Une autre façon d’abdiquer, c’est de ne plus faire de projets. «Trop de gens renoncent à leurs rêves, déplore Mme Labelle. C’est hallucinant le nombre d’individus qui n’ont aucun objectif clair ni plan d’action. Il faut pourtant avoir des défis. Cela requiert un engagement, bien sûr. Mais quelle satisfaction quand on réussit! C’est aussi l’occasion de se découvrir de nouvelles forces. L’être humain est fait pour bouger et s’exprimer. Ne plus avoir d’exigences envers soi, c’est risquer devenir indifférent et de s’éteindre peu à peu.»
Dix conseils qui vous aideront à rebondir
1. Faites le bilan de la situation
D’abord, couchez sur papier vos émotions (colère, chagrin, deuils, etc.) sans vous censurer – quitte à jeter la feuille ensuite –, histoire de faire un grand ménage. Puis dressez une liste de vos rêves et de vos désirs. Pour vous mettre sur la piste, rappelez-vous les moments de votre vie où vous vous sentiez le plus «vivant». Enfin, établissez un plan d’action, étape par étape, en ne plaçant la barre ni trop bas ni trop haut. Ce but à atteindre vous permettra de mieux vivre le présent.
2. Fuyez la solitude
Elle entraîne des ruminations nuisibles. Même si vous filez un mauvais coton, forcez-vous à effectuer au moins une sortie par semaine, ne serait-ce que pour aller prendre un café au resto du coin. Engagez-vous dans une cause qui vous tient à cœur et intéressez-vous aux autres. En plus d’éprouver un sentiment d’utilité et d’accomplissement, vous développerez le goût de vous remettre en mouvement.
3. Bougez
Pratiquez quotidiennement une activité physique agréable durant au moins 15 minutes. Demandez à votre conjoint ou à vos enfants de se joindre à vous en leur expliquant votre objectif.
4. Changez vos habitudes
Même un changement qui semble anodin peut avoir un effet domino sur votre vie. Vous avez l’habitude de flâner en pyjama jusqu’à la mi-journée? Fixez l’échéance à midi. Vous avez tendance à négliger l’entretien de votre maison? Consacrez-y de 15 à 30 minutes chaque jour. Vous vous sentirez rapidement plus vivant. Un truc, mais ça marche!
5. Écoutez-vous
«Aux gens qui se laissent aller, on a tendance à dire d’arrêter de s’écouter, raconte Raymond Patenaude. En fait, ils doivent apprendre à s’écouter autrement. Plus ils seront attentifs à ce qu’ils ressentent, plus ils percevront le malaise qui les porte au laisser-aller, plus ils écouteront leurs véritables émotions et les exprimeront, plus, alors, ils auront de chances de changer.»

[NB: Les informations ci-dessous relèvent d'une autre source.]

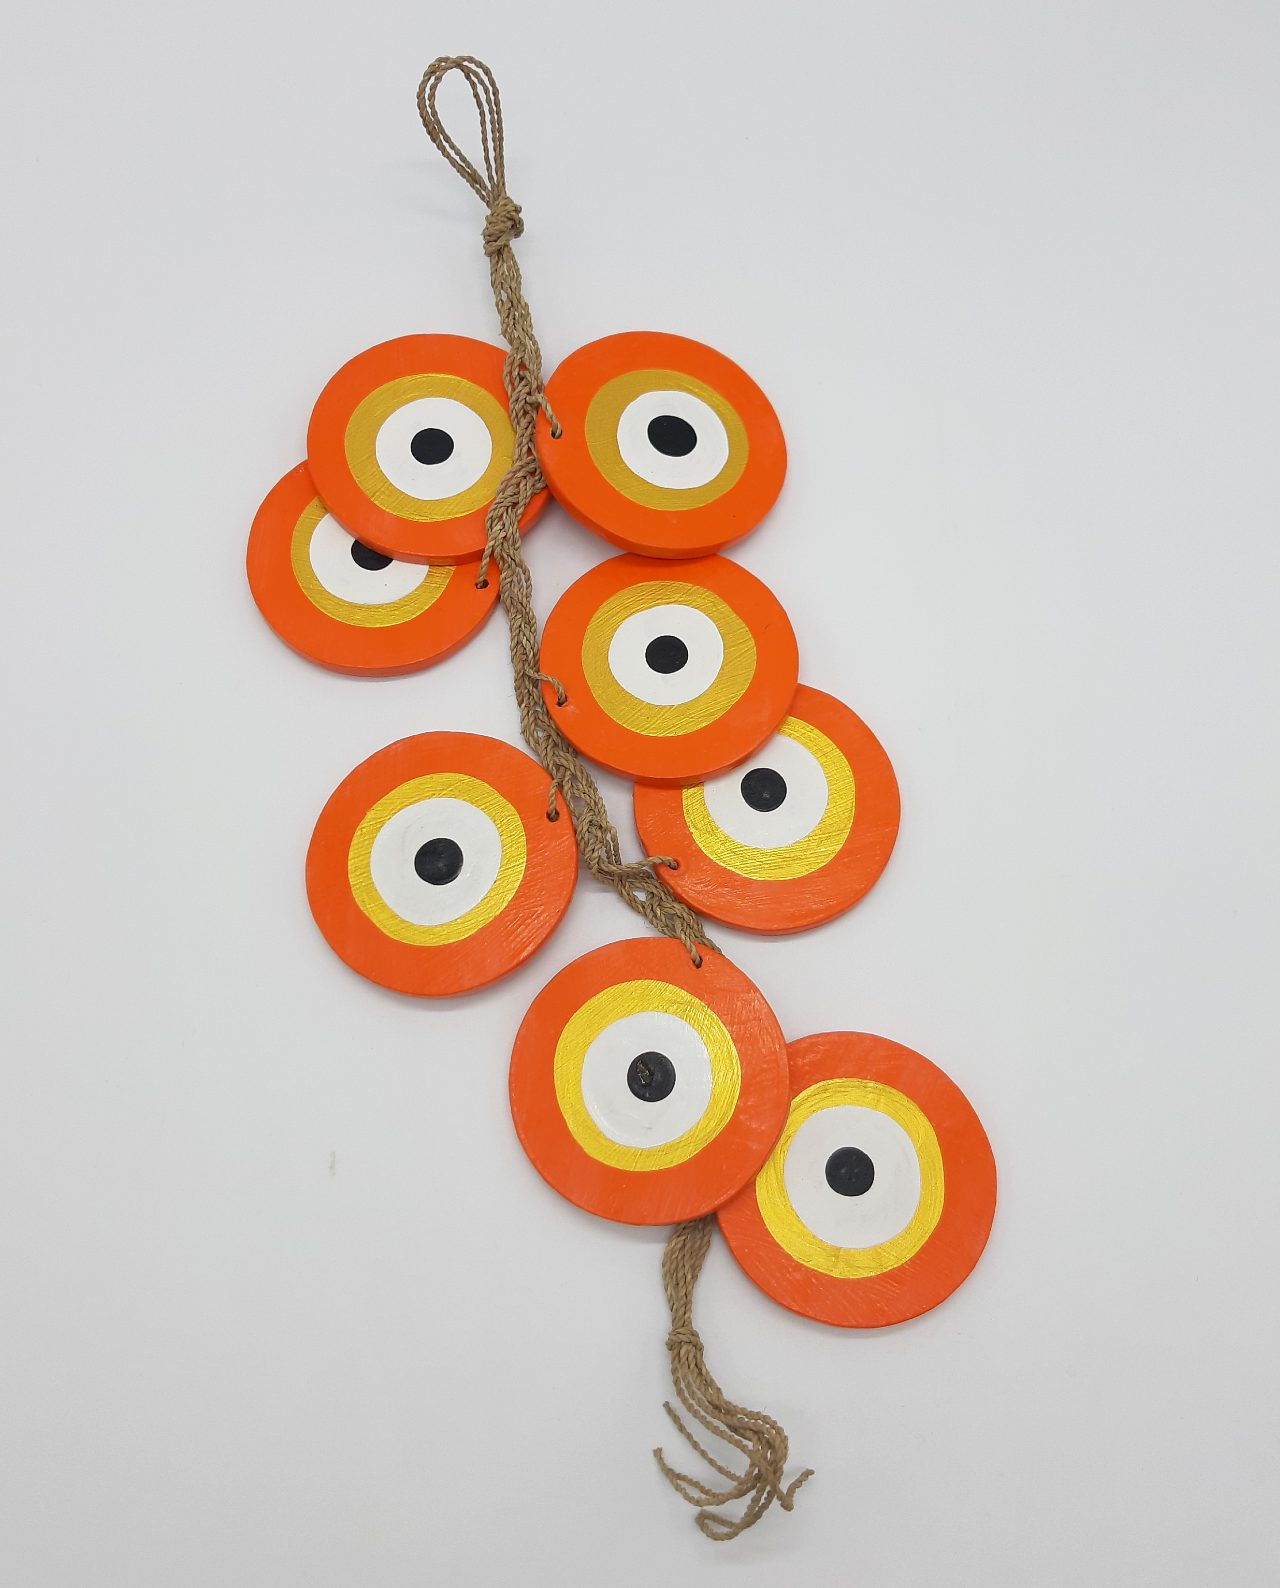 Γιρλάντα 8 Ματάκια Ξύλινα Χειροποίητα Μήκος 50 cm χρώμα πορτοκαλί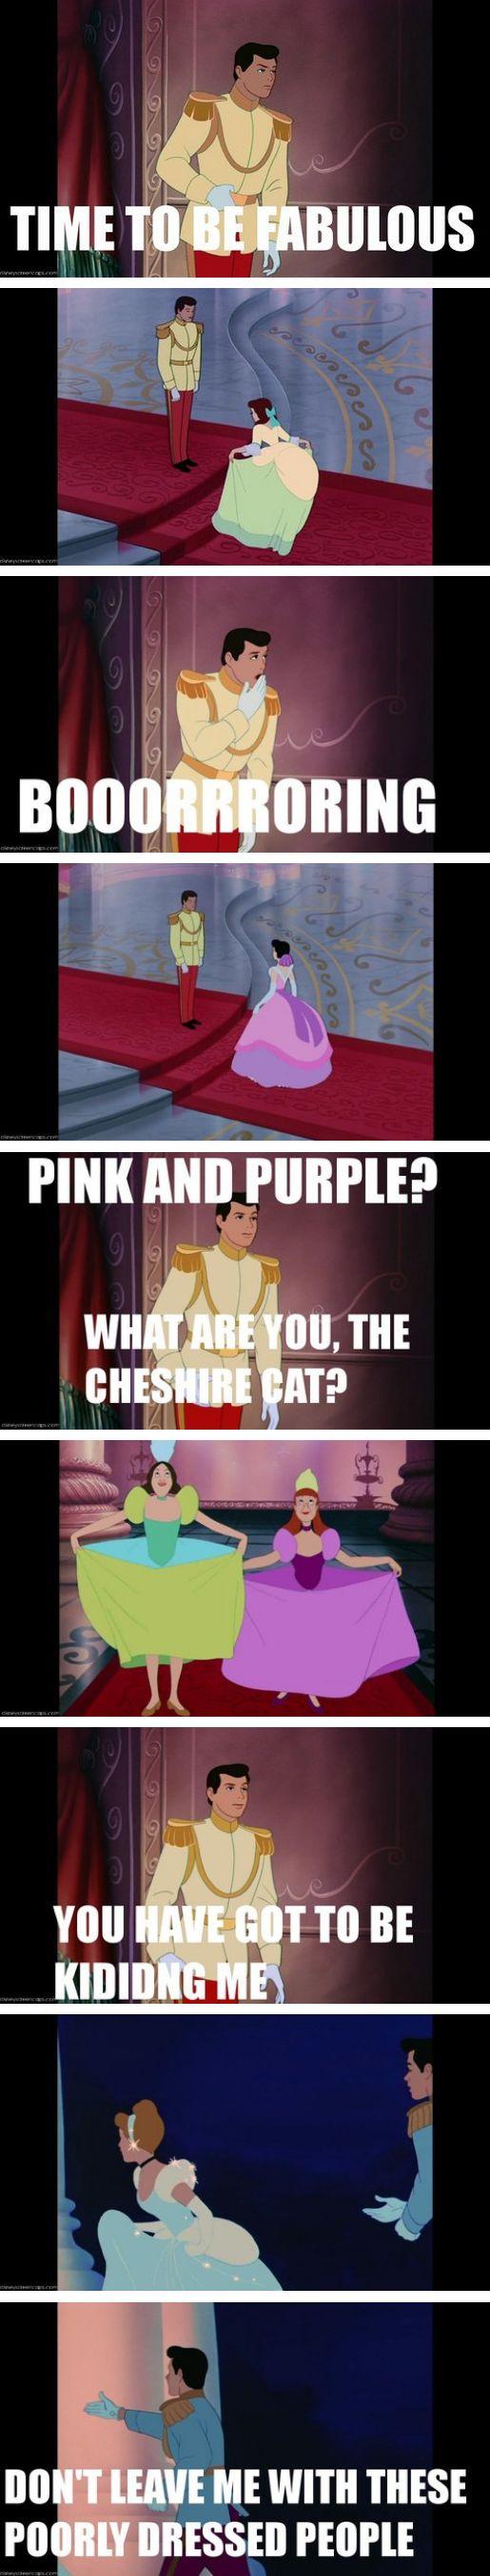 prince charming funny

6. Appréciez vos bons coups
Avant le coucher, faites un retour sur votre journée et trouvez deux ou trois raisons d’être satisfait de vous.
7. Communiquez
Votre relation de couple vous ennuie profondément? Il faut lancer une franche discussion et, à la limite, avoir le courage de mettre un terme à cette union.
8. Faites le bilan de votre carrière
Cela vous permettra de trouver la cause de votre malaise et de faire le tour de vos intérêts et de vos compétences. Vous plafonnez au travail? Il est peut-être temps de relever un nouveau défi. Angoissant certes, mais combien excitant. Vous n’avez pas envie d’aller voir ailleurs? Alors, multipliez les responsabilités, les possibilités d’apprentissage et les occasions de vous mettre en valeur pour améliorer votre sort. Associez-vous à des gens dynamiques qui sauront vous stimuler.
9. Retrouvez l’estime de vous-même
«Souvent, le laisser-aller va de pair avec le manque d’amour de soi, explique Louise Fréchette. Il est donc important de développer des sentiments positifs envers soi afin d’avoir envie de se reprendre en main.»
10. Consultez
Si votre mal de vivre prend le pas sur tout le reste ou si vous n’arrivez pas à faire le point sur vos émotions et vos désirs, faites appel à un professionnel.
Pour Amélie Poulain, le plaisir c’est de plonger la main dans un sac de grains. Et vous, quels petits plaisirs cultivez-vous?